Estimation of Coal's Sorption Parameters Using Artificial Neural Networks.

This article presents research results into the application of an artificial neural network (ANN) to determine coal's sorption parameters, such as the maximal sorption capacity and effective diffusion coefficient. Determining these parameters is currently time-consuming, and requires specialized and expensive equipment. The work was conducted with the use of feed-forward back-propagation networks (FNNs); it was aimed at estimating the values of the aforementioned parameters from information obtained through technical and densitometric analyses, as well as knowledge of the petrographic composition of the examined coal samples. Analyses showed significant compatibility between the values of the analyzed sorption parameters obtained with regressive neural models and the values of parameters determined with the gravimetric method using a sorption analyzer (prediction error for the best match was 6.1% and 0.2% for the effective diffusion coefficient and maximal sorption capacity, respectively). The established determination coefficients (0.982, 0.999) and the values of standard deviation ratios (below 0.1 in each case) confirmed very high prediction capacities of the adopted neural models. The research showed the great potential of the proposed method to describe the sorption properties of coal as a material that is a natural sorbent for methane and carbon dioxide.

1. Introduction

Coal is a natural sorbent for gases such as carbon dioxide and methane. These gases, present in large amounts in coal mines, are associated with the occurrence of natural hazards. Methane is particularly noteworthy because of its presence in the strata, and its release as a result of mining and geological processes. This hazard is related to the geology of the deposit, i.e., to the type of coal and the presence of cracks or fault zones [1,2,3,4]. The basic tool for evaluating the likelihood of the aforementioned threats in hard-coal seams is analysis of coal’s sorption parameters. In order to determine the properties of a coal–gas system under laboratory conditions, two parameters are primarily used, sorption capacity a and effective diffusion coefficient De. They complement in situ studies as far as the identification of methane and outburst hazards in mines are concerned. Sorption capacity describes the ability of coal beds to accumulate gas, and the effective diffusion coefficient is decisive for the speed of gas release from coal beds. Among methods used for gas-sorption measurements, gravimetric methods are of importance [5]. In these methods, the amount of sorbed gas is directly determined on the basis of measuring the accumulation of the investigated sorbent’s mass after the sorbate is introduced into the gas system with constant pressure and temperature. These methods have a number of advantages [6,7]; however, due to their time-consuming nature connected to reaching the state of sorption equilibrium by the system, and the high cost of commercially available gravimetric devices, the application of these methods for ongoing forecasting of gas and rock outburst threats is significantly limited. With this in mind, we set out to devise a way to estimate the values of sorption capacity and effective diffusion coefficient, which are seen as the key parameters in the description of coal’s sorption properties, by using artificial neural networks (ANNs).

In recent years, the use of data-analysis algorithms based on artificial-intelligence methods has become increasingly popular. Of these algorithms, ANNs are characterized by high effectiveness. An ANN is a mathematical model of a biological network that mimics the functioning of the human brain in aspects such as pattern classification, forecasting, and decision making based on past experiences. ANNs have a range of advantages that make them highly useful in practical applications. The level of theoretical knowledge required of the user, which is indispensable for effective model construction, is significantly lower than that in the case of traditional statistical methods.

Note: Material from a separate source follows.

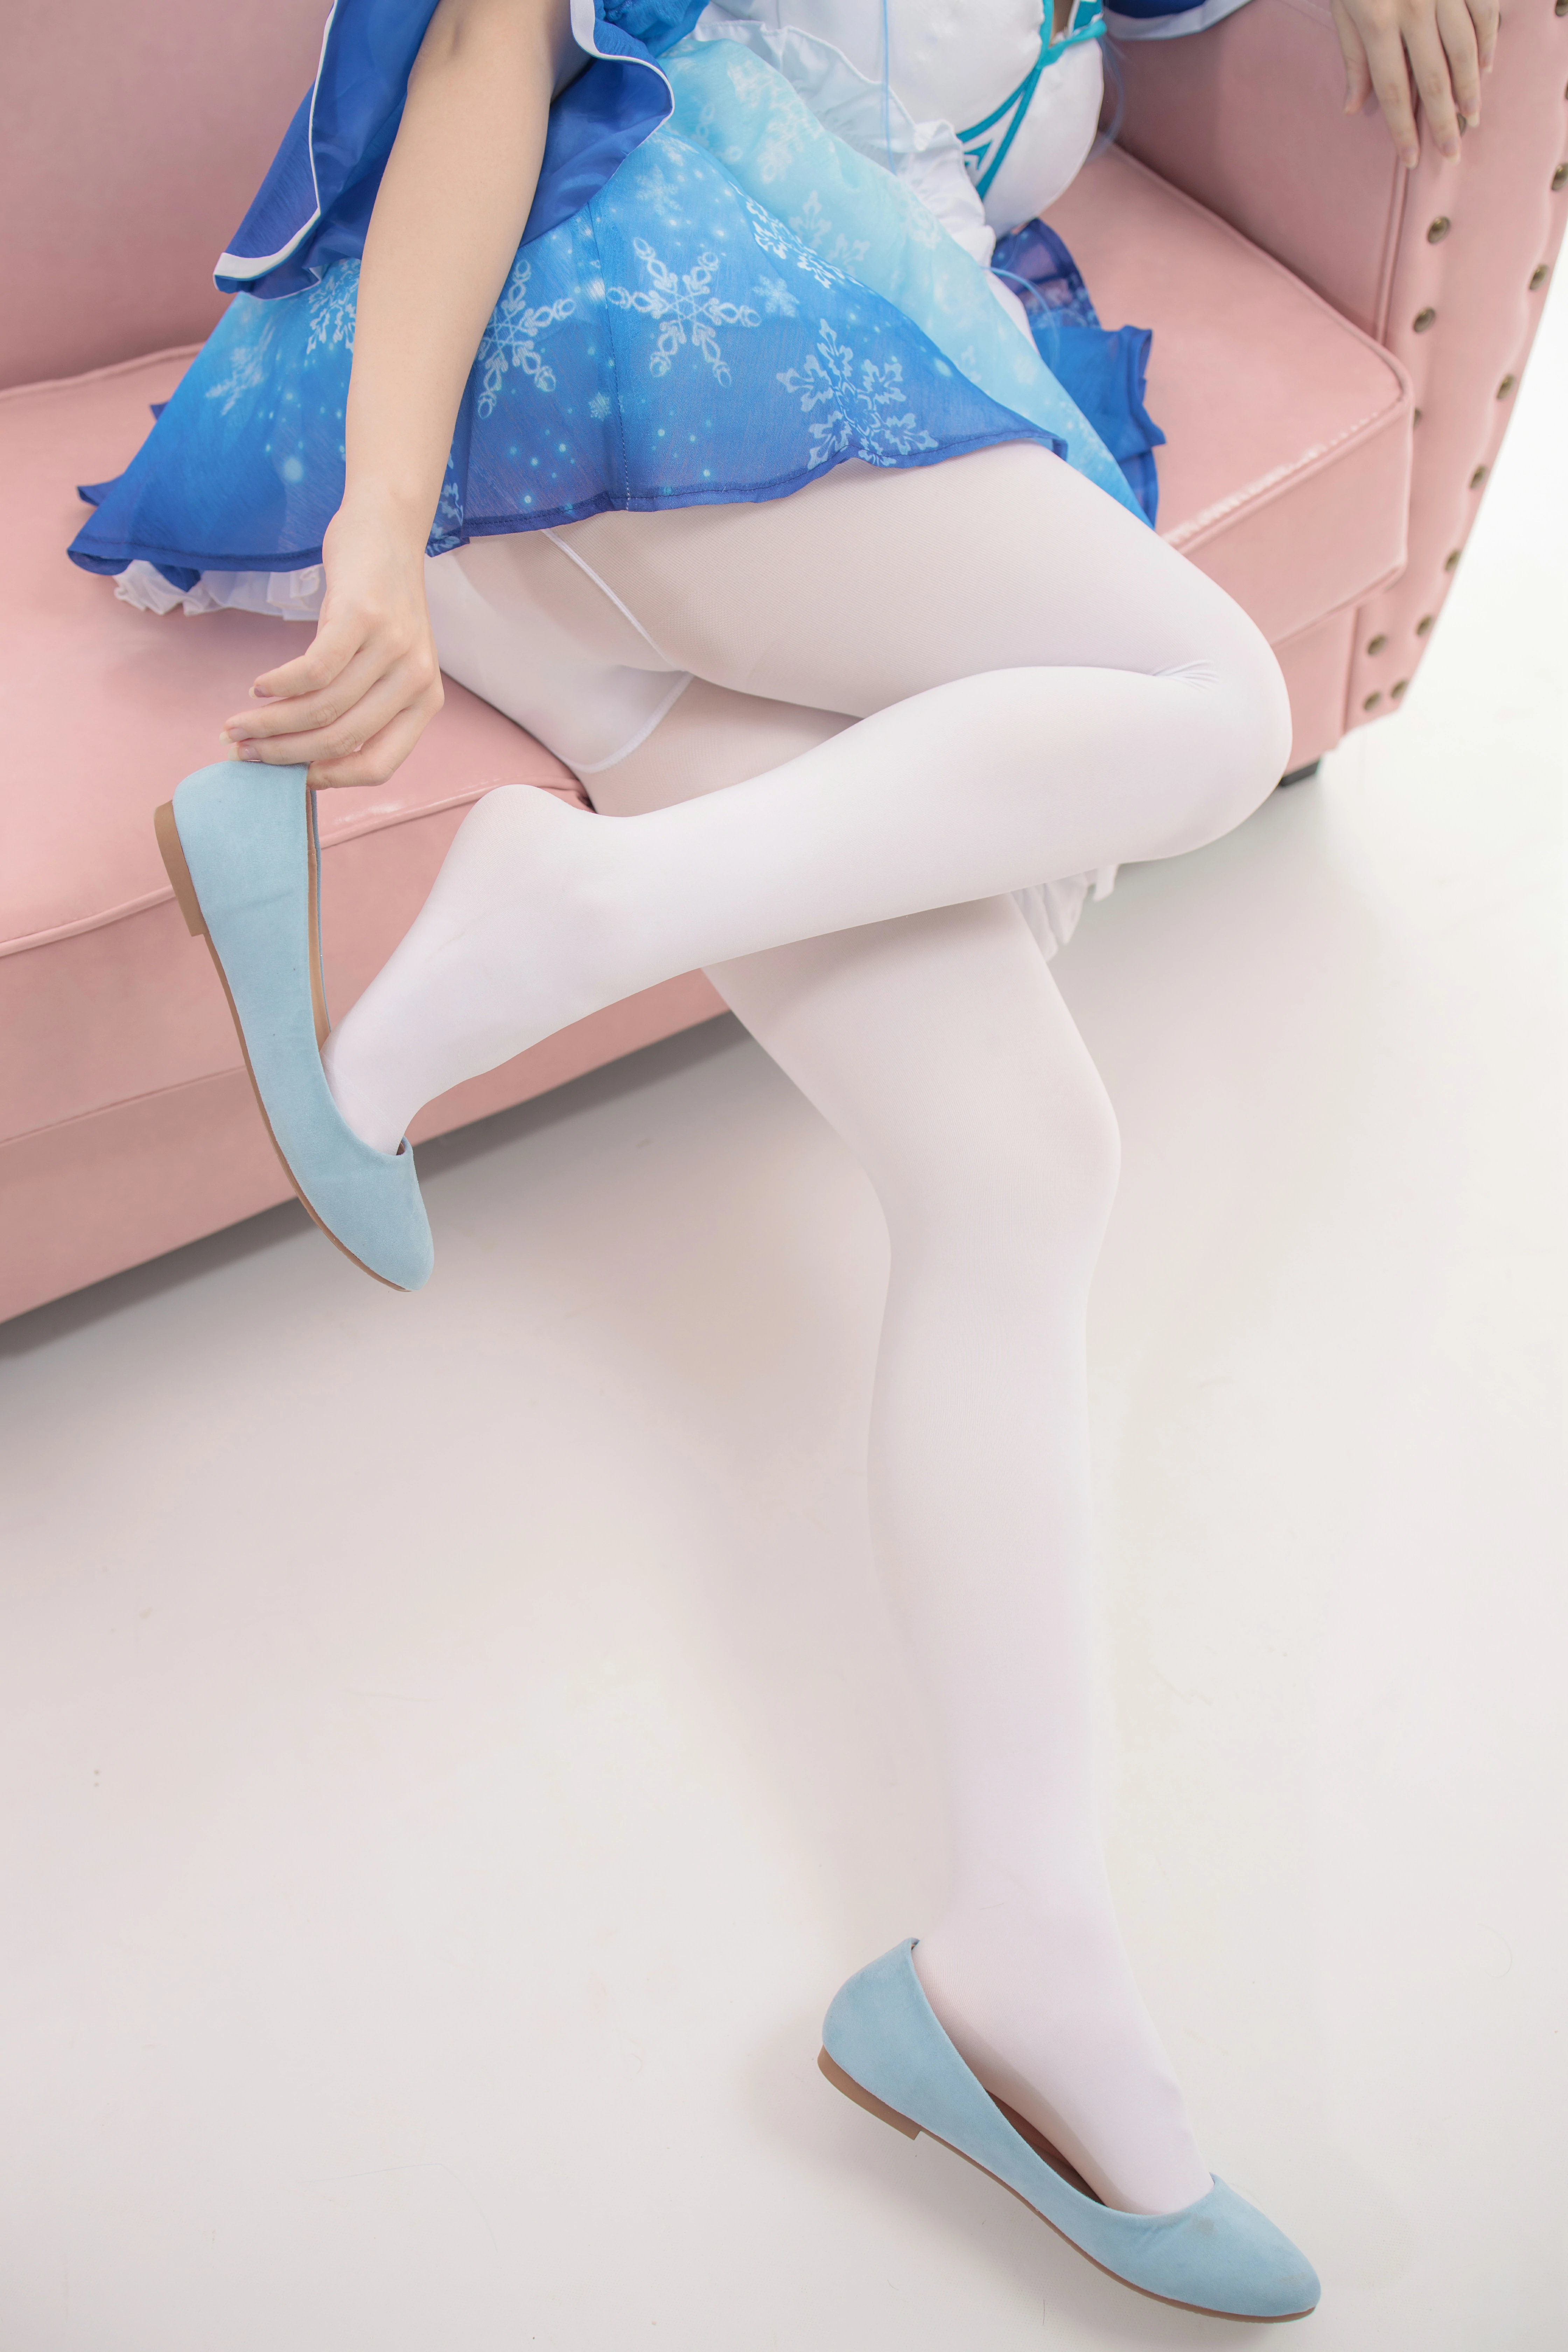 [森萝财团]JKFUN-023 300D白丝 雪晴 蓝色情趣透视制服裙加白色丝袜美腿玉足性感私房写真集,
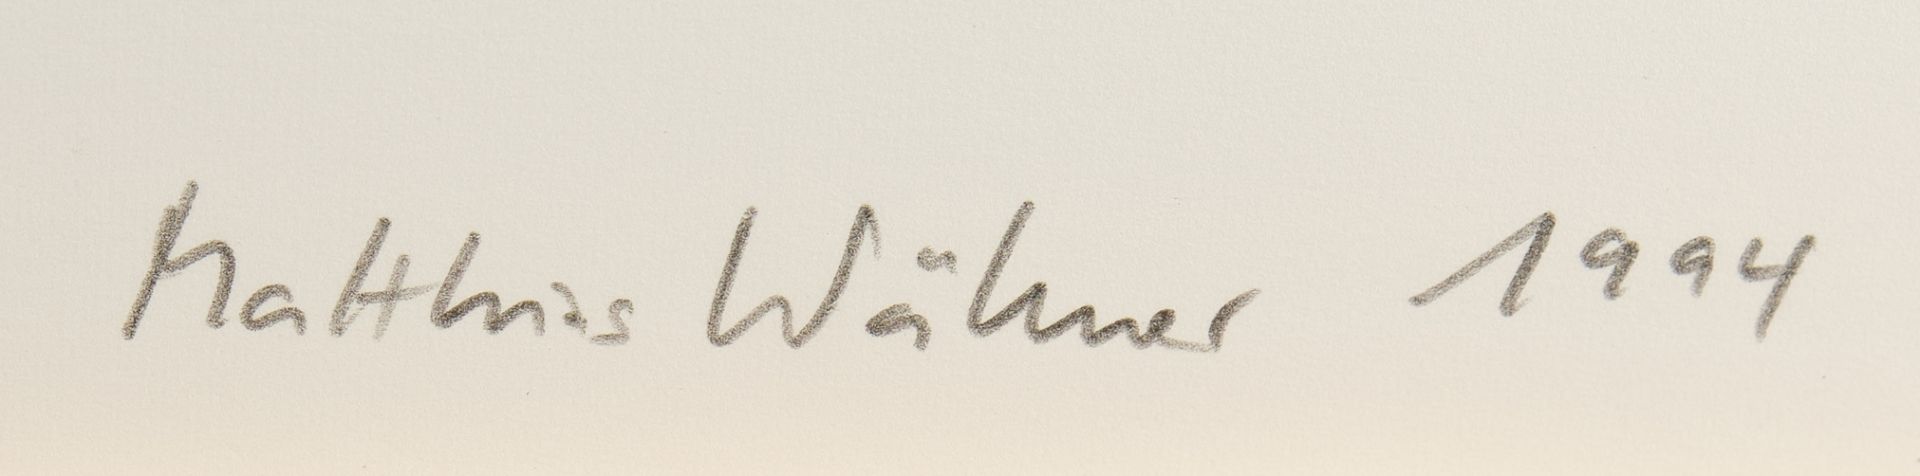 Wähner, Matthias (geb. 1953 Berlin), - Bild 3 aus 5

Additionally, ANNs are able to generalize obtained knowledge, they are resistant to partial damage in training datasets, and they make it possible to simultaneously process data, which has a positive impact on the speed of action of cooperating neurons. ANNs are increasingly applied in natural, medical, economic, and technical sciences, including mining and geology [8,9,10,11,12]. These networks are also used to predict the mining hazards, including methane hazards, mentioned in current research [13,14,15].

Neural models are applied with substantial success in regression analysis [16,17,18,19], performing the nonlinear transformation of input data in order to approximate output values. Regression issues might be addressed using a feed-forward back-propagation network (FFN), a network with radial basis functions (RBN), or a general-regression neural network (GRNN) [20,21,22].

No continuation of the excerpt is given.